DC: What practices have helped you remain faithful to your vocation during these 60 years?

Cardinal Stafford: When awakening each morning, I recite a single verse from Psalm 51, “Lord, open my lips and my mouth will proclaim your praise.” Three times it is repeated. Thereafter, the grace of God sets the day on the right track. It becomes a song of praise to God. With hard practice it daily gathers momentum. It places front and center the most beautiful mystery of the Christian faith: The Triune God. The love and beauty of the Most Holy Trinity light up the whole day even when God appears more distant than near.

The psalmist has been a great catechist. He has taught me that human beings are doxological (people of praise) by nature especially in the Dark Night – not only as individuals, but also within community… Doxological prayer has led me to appreciate why St. Augustine wrote, “The goal of all Christian watchfulness and all Christian progress is a pious and sober understanding of the Trinity.”

Cardinal James Stafford holds a relic of St. Teresa of Calcutta during a Mass celebrating her feast day at St. Joseph’s Parish on September 5, 2016, in Denver. (Photo by Daniel Petty/Denver Catholic)

DC: What have been some of the challenges and highlights of your priesthood?

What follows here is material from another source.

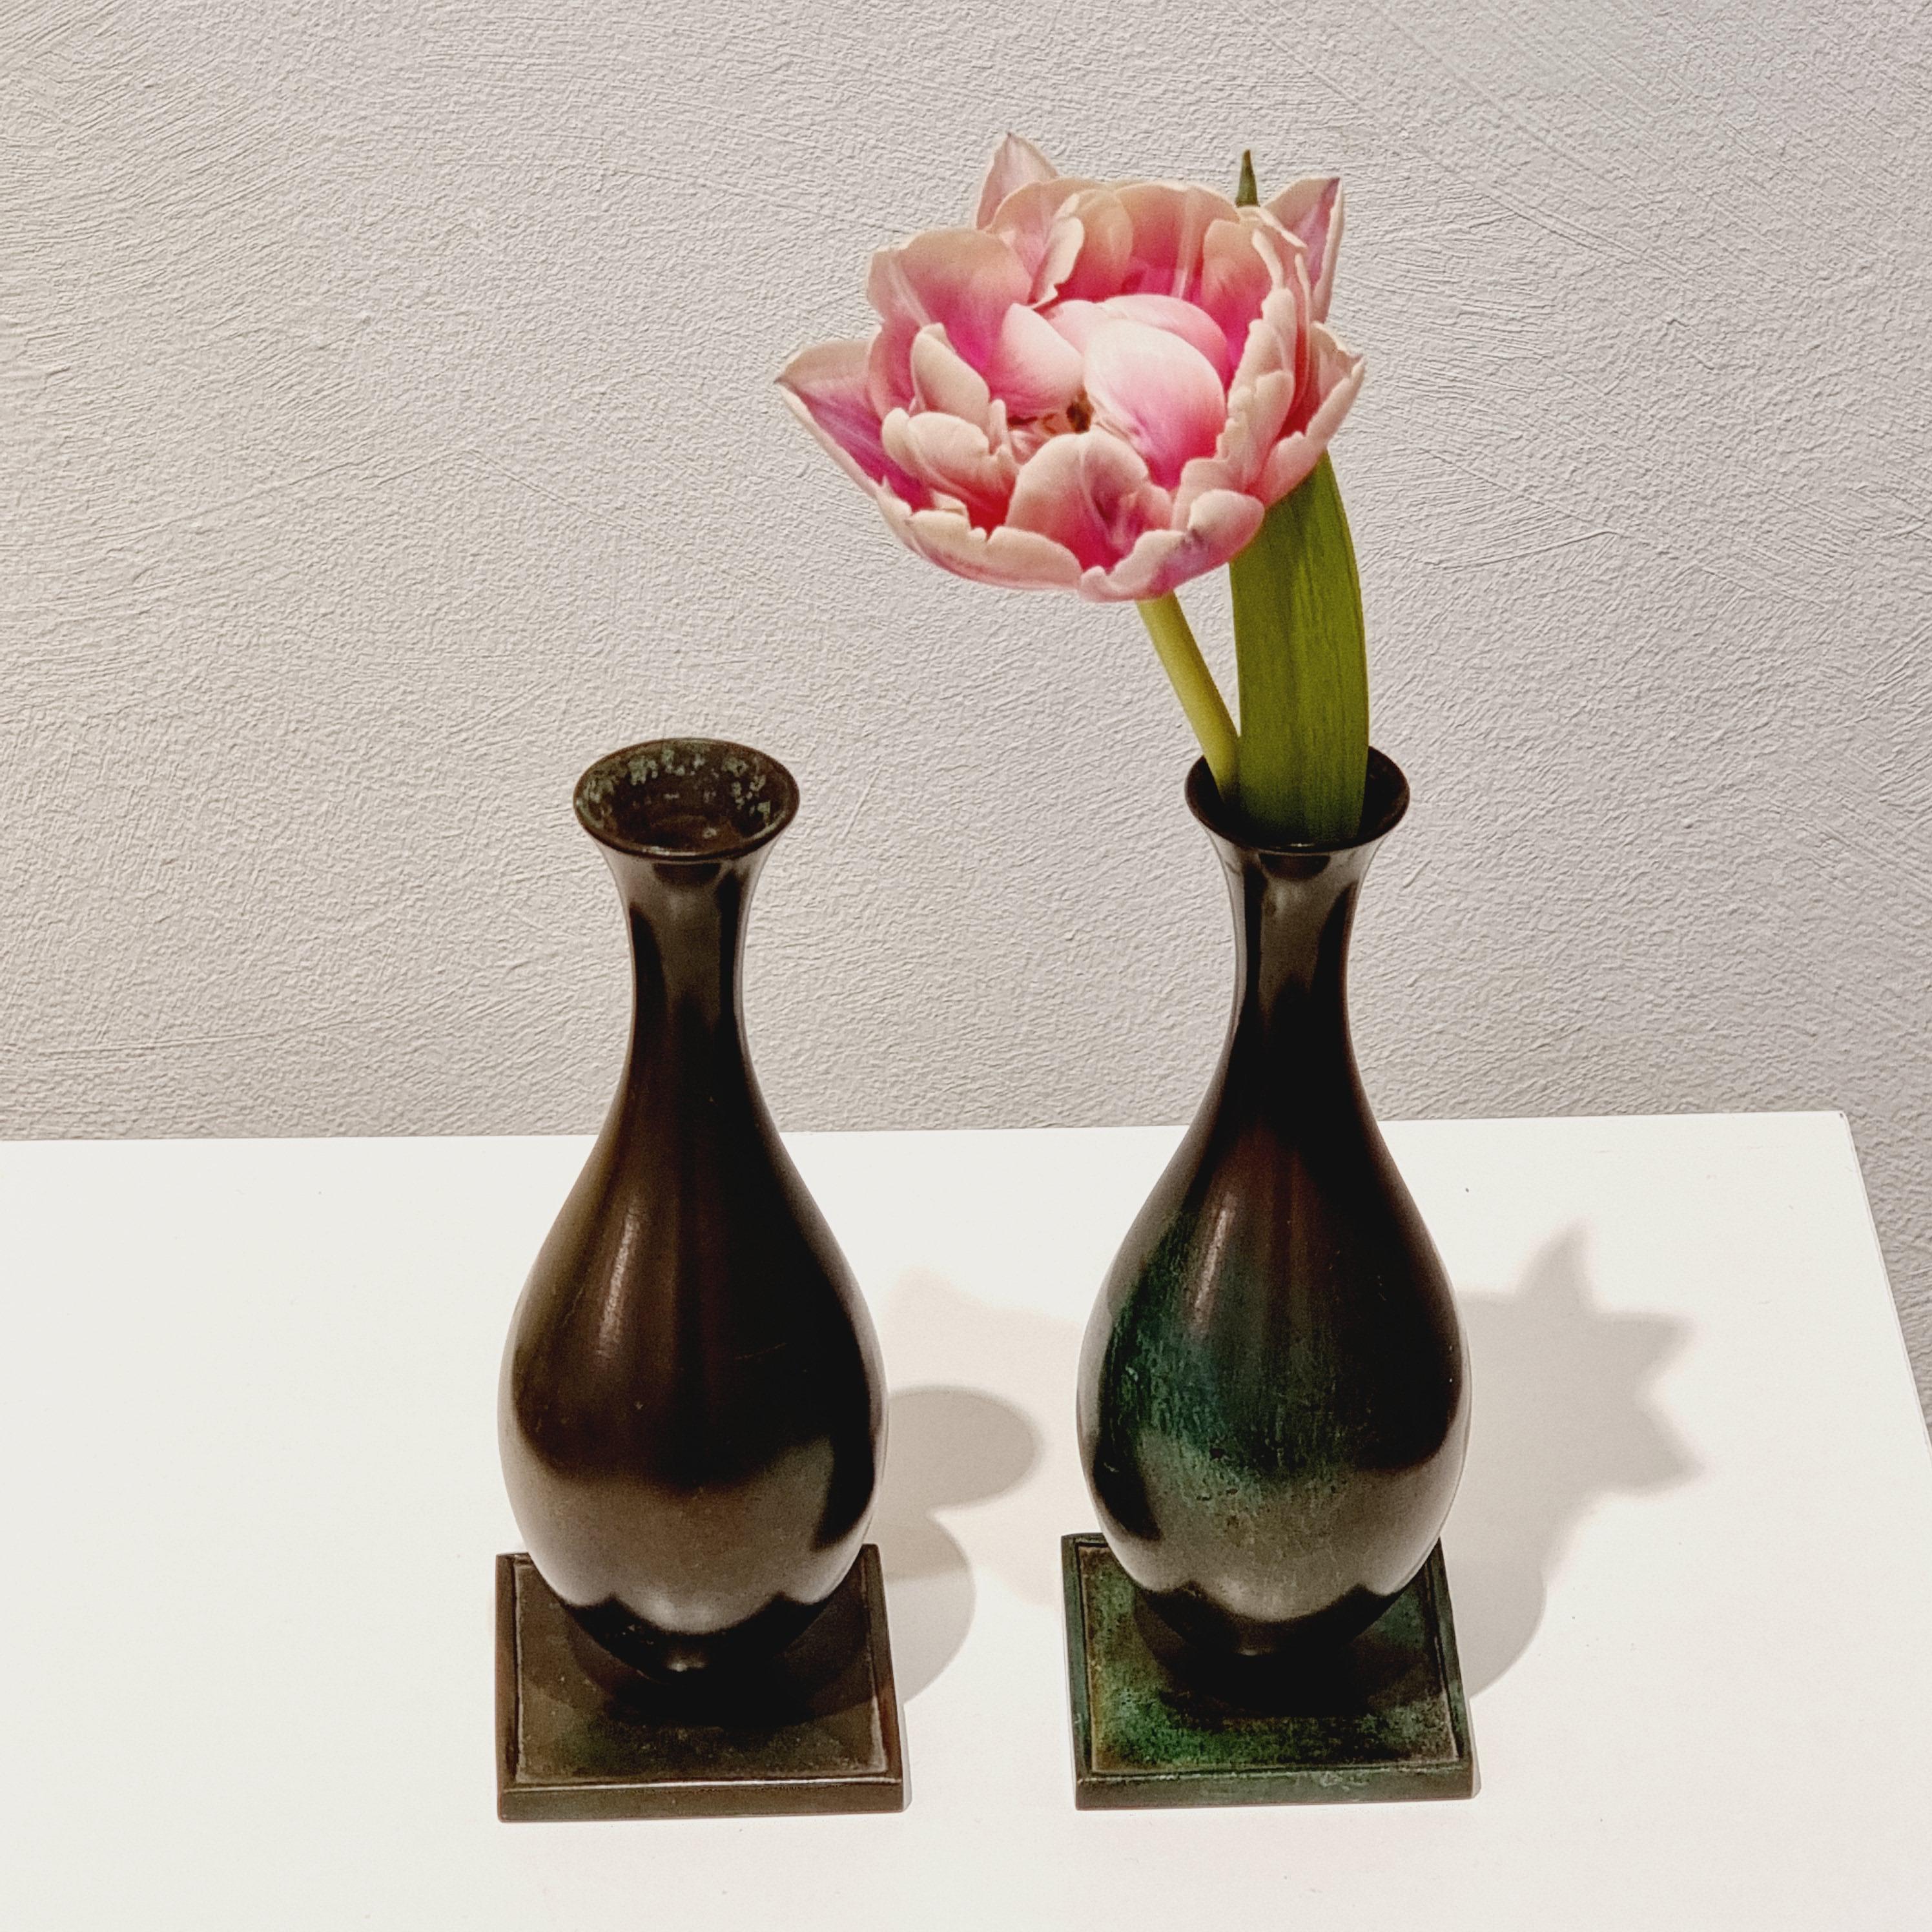 A set of two vases in  solid bronxe by Jacob Ängman för Guldaktiebolageg (1930-tal)

Cardinal Stafford: The challenges: Christians in Europe and North America are struggling with the “juggernaut” of secularization… Generally, its roots are found in the fact that most Europeans and Americans today find themselves thrust into the universe without any foundation for living. Most imagine themselves in a free-fall through space with unintelligible entrances and exits. The challenge is how to confront this unprecedented reality. The pastoral solutions have seldom been forthcoming.

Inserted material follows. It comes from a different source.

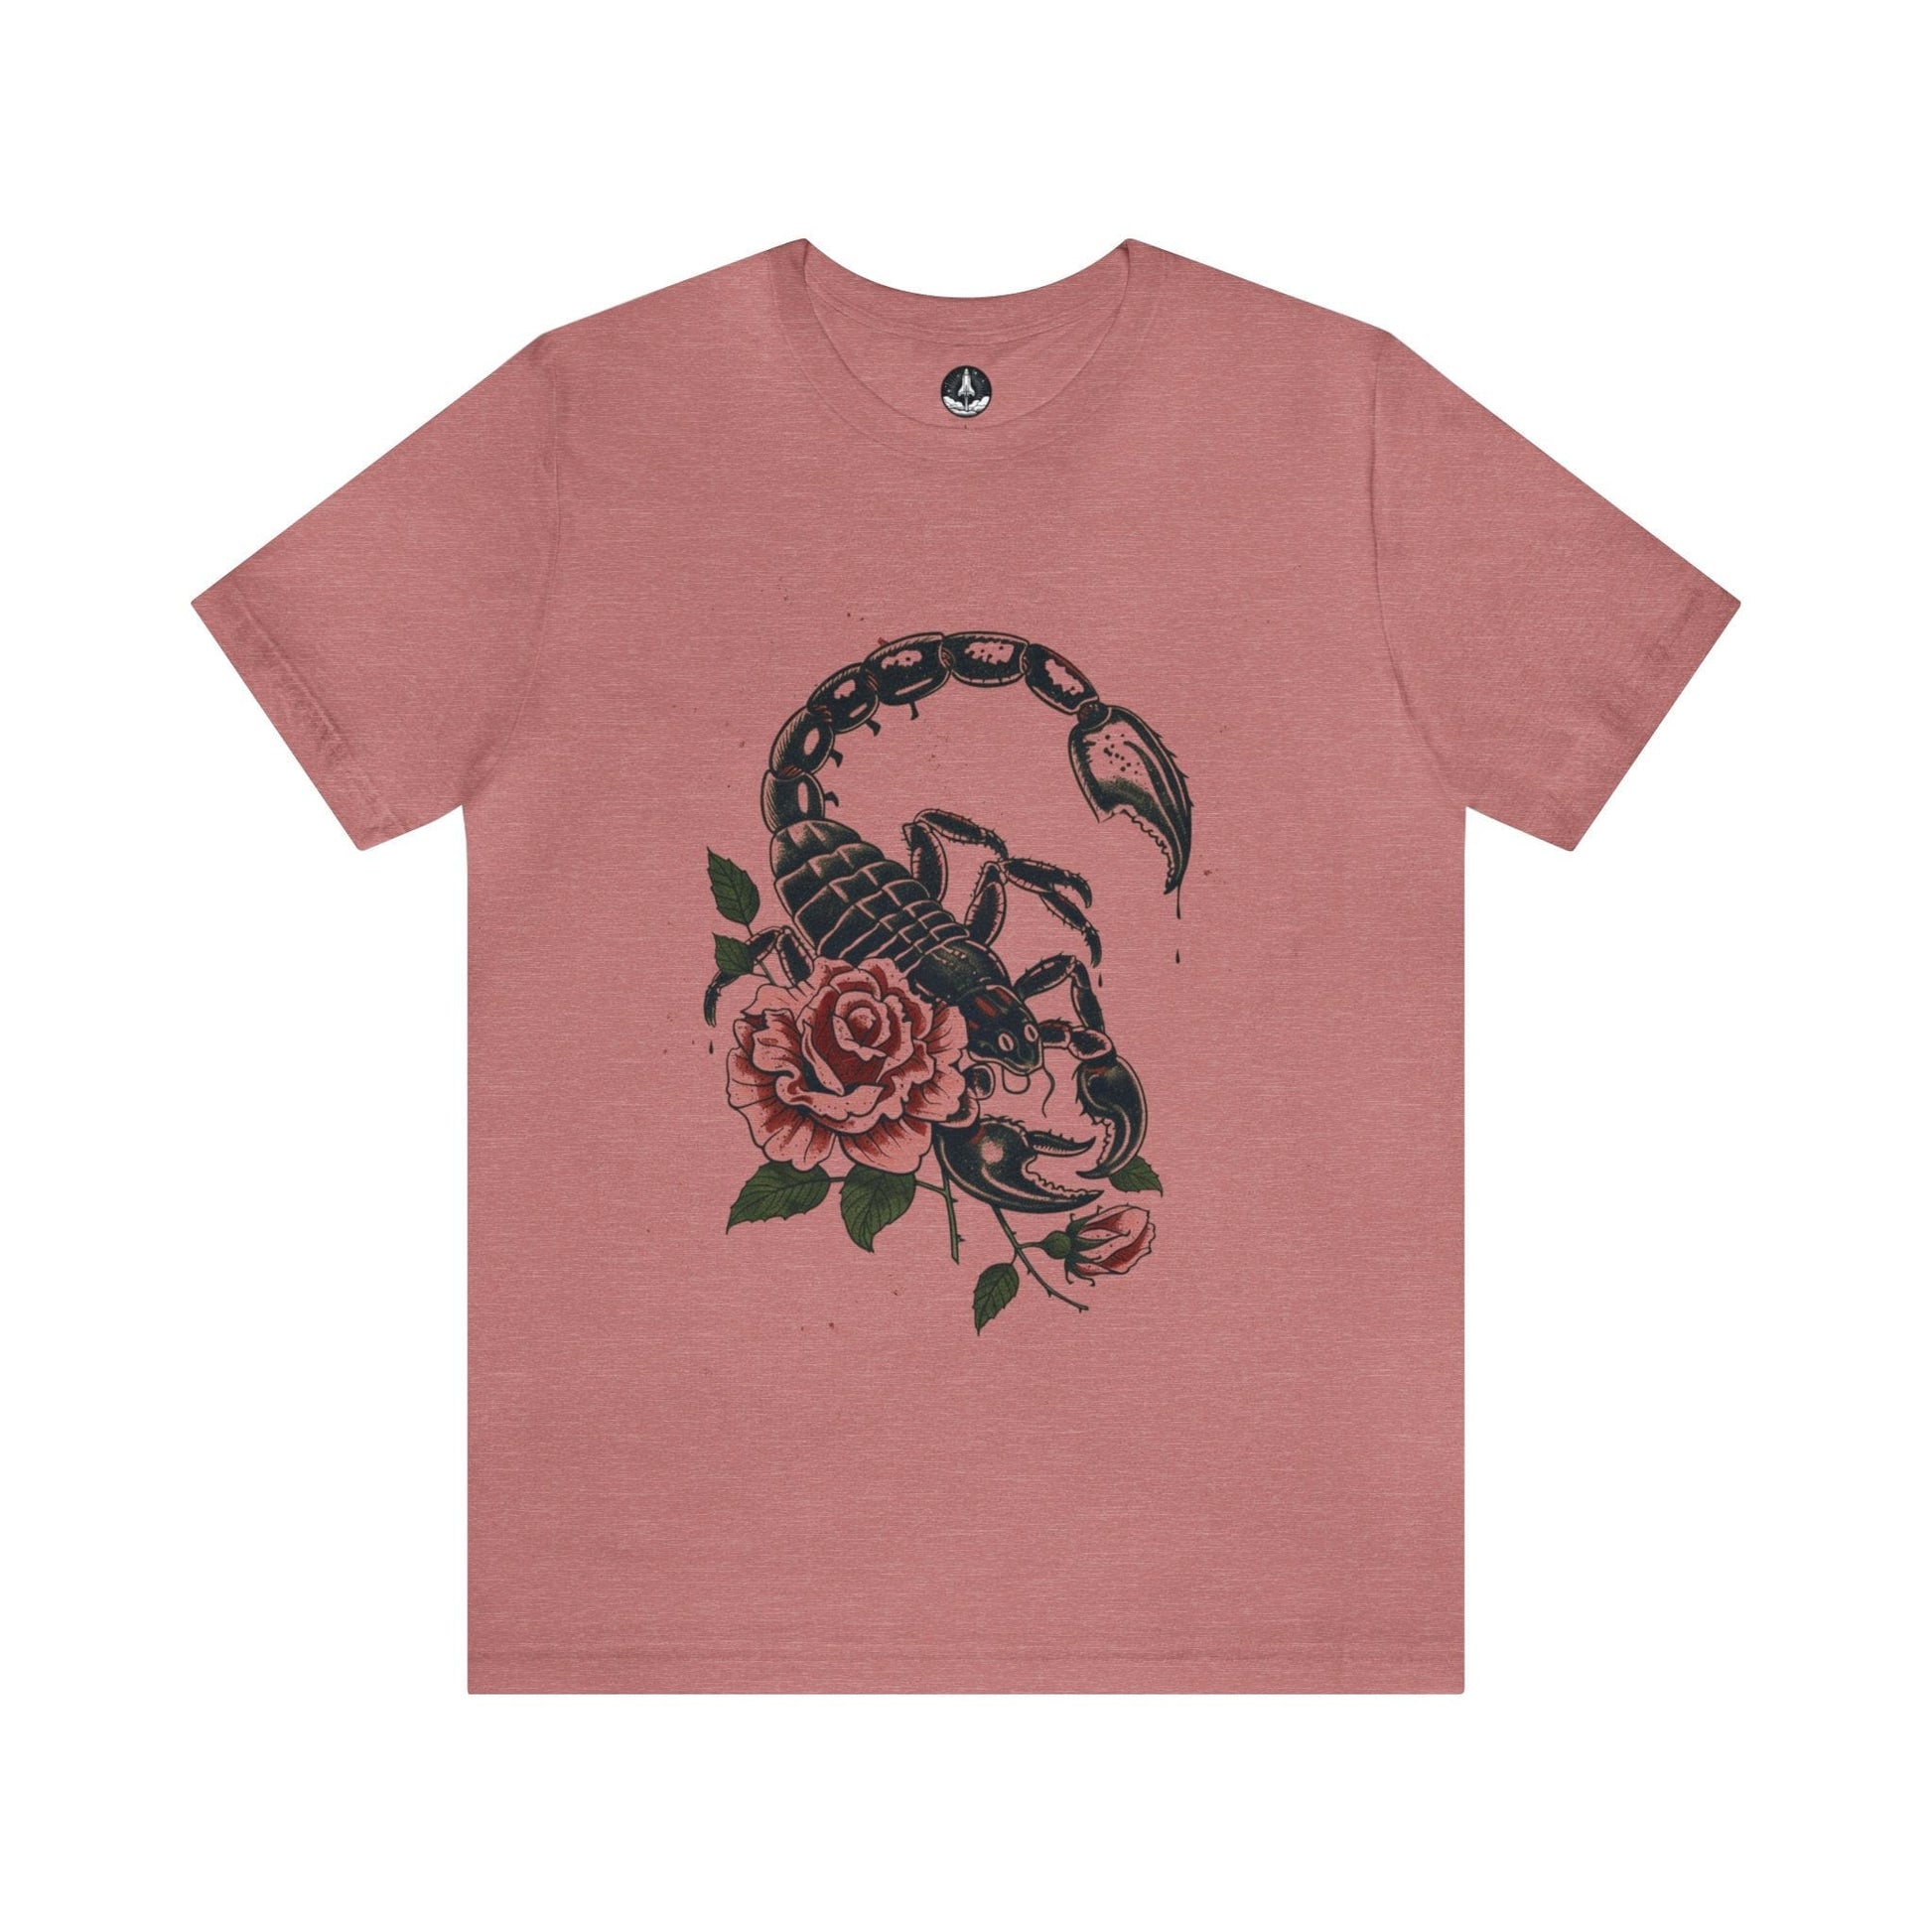 T-Shirt Heather Mauve / S Scorpio's Essence TShirt: Mystical Scorpion Art on Soft Cotton

The highlights of my priesthood: Visiting the home-bound. They are the hidden pillars of every local Church. Beyond the home-bound, I have always felt that Colorado’s response to the invitation to celebrate the 1993 World Youth Day was the measure beyond all measure. In other words, the event was from God… [and] God was delighted with Coloradans.

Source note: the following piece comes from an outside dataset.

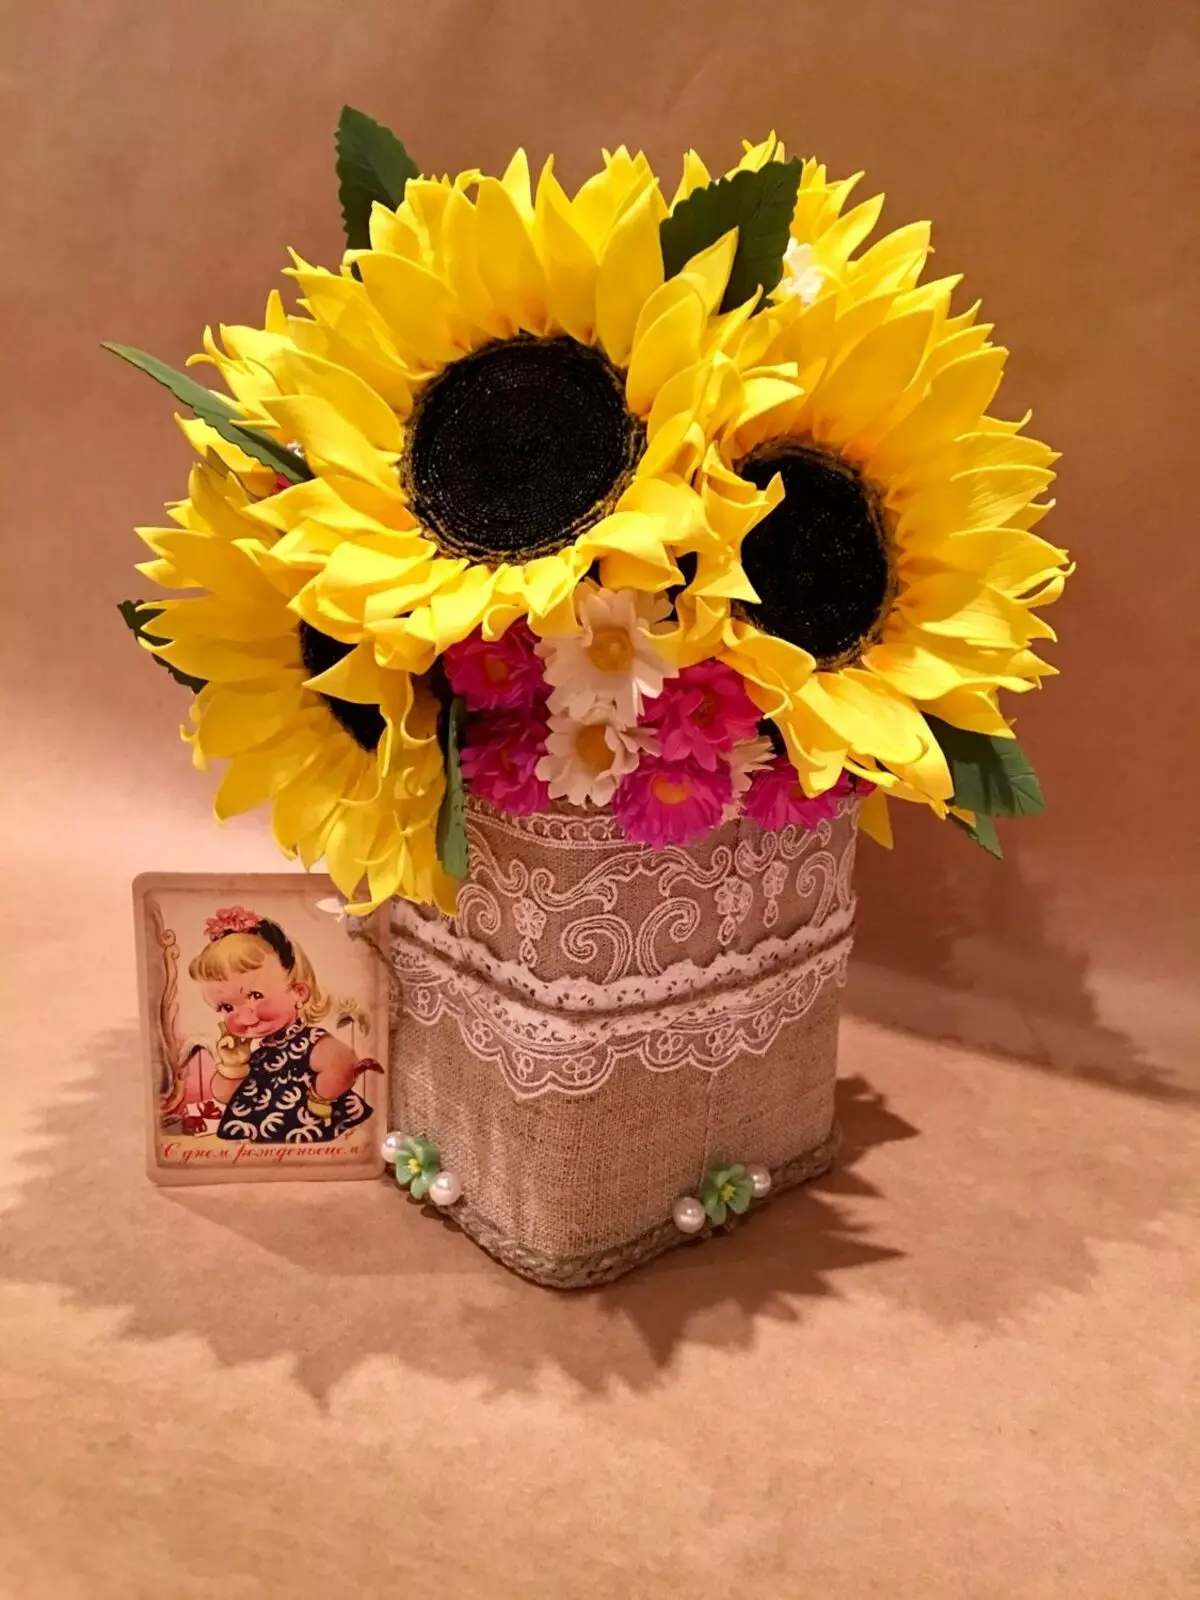 Foamyran (28 تصاویر) سے Sunflowers: ہم آپ کے اپنے ہاتھوں، قدم بہ قدم ماسٹر کلاس، پیٹرن اور پیٹرن میں اضافہ کرتے ہیں 26862_5

Pope John Paul II thanks Cardinal Stafford for his leadership in organizing World Youth Day in Denver, 1993. (Photo by Denver Catholic Register)

DC: Who have been your greatest role models and how have they impacted your vocation?

Cardinal Stafford: My mother and father have been my greatest Christian role models. Their love and friendship were life-long and mutual. The two were the best of friends. Their life together, ten years after their marriage, was tested severely… [Tuberculosis] struck [my mother] with extreme severity.

She required prolonged hospitalization that included three major surgical operations over a period of nearly three years. Throughout that time her faith, courage and love remained ever-present signs along the road. My father’s love for his wife never faltered during her hospitalization… His presence to her was reassuring, quiet, and unassuming.  The grace of the sacrament of marriage sustained both of them and was an enormously important witness for me.

Cardinal Stafford celebrates Mass during World Youth Day in Denver, 1993. (Photo by James Baca/Denver Catholic Register)

DC: Reflecting on your priestly experience, what practices are essential to the Catholic priest of the New Evangelization?

Cardinal Stafford: The Eucharist has been the center of my life… Over the years, I learned that priestly celibacy was related to the eschatological nature of the Eucharist.  In 390 AD bishops at the Council of Carthage underlined this connection, “That holy bishops and priests of God…. observe perfect continence, so that they may obtain in all simplicity what they are asking from God; what the apostles taught and what antiquity itself observed, let us endeavor to keep.”

I’ve reflected for over four decades over the forthrightness of their statement. I still ask myself why the ancient bishops chose the phrase “in all simplicity.”  Their choice was related to the priest’s acting “in the person of Christ”. That’s Eucharistic and the Eucharist is doxological. Their assertion that clerical celibacy had apostolic origins surprised me.

Finally, a lay friend taught me one of the greatest graces of these sixty years, “Gratitude for the gift is shown only by allowing it to make one fruitful,” from Meister Eckhart. That is my prayer in celebrating my 60th anniversary of priestly ordination.